- **Directions for this task**
Lines from the first one down to the one containing "exemple de diagramme" in the data below are the only ones needed; please return them exactly, both ends included.

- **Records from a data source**

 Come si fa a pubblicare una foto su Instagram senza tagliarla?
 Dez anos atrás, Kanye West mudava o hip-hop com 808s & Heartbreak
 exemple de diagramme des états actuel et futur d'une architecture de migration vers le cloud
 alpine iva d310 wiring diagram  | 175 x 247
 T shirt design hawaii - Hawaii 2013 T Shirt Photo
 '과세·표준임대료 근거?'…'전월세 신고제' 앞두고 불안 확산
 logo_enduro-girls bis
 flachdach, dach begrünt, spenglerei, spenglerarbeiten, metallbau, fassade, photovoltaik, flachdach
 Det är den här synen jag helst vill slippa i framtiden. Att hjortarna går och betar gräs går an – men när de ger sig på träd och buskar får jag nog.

- **Reply**
 Come si fa a pubblicare una foto su Instagram senza tagliarla?
 Dez anos atrás, Kanye West mudava o hip-hop com 808s & Heartbreak
 exemple de diagramme des états actuel et futur d'une architecture de migration vers le cloud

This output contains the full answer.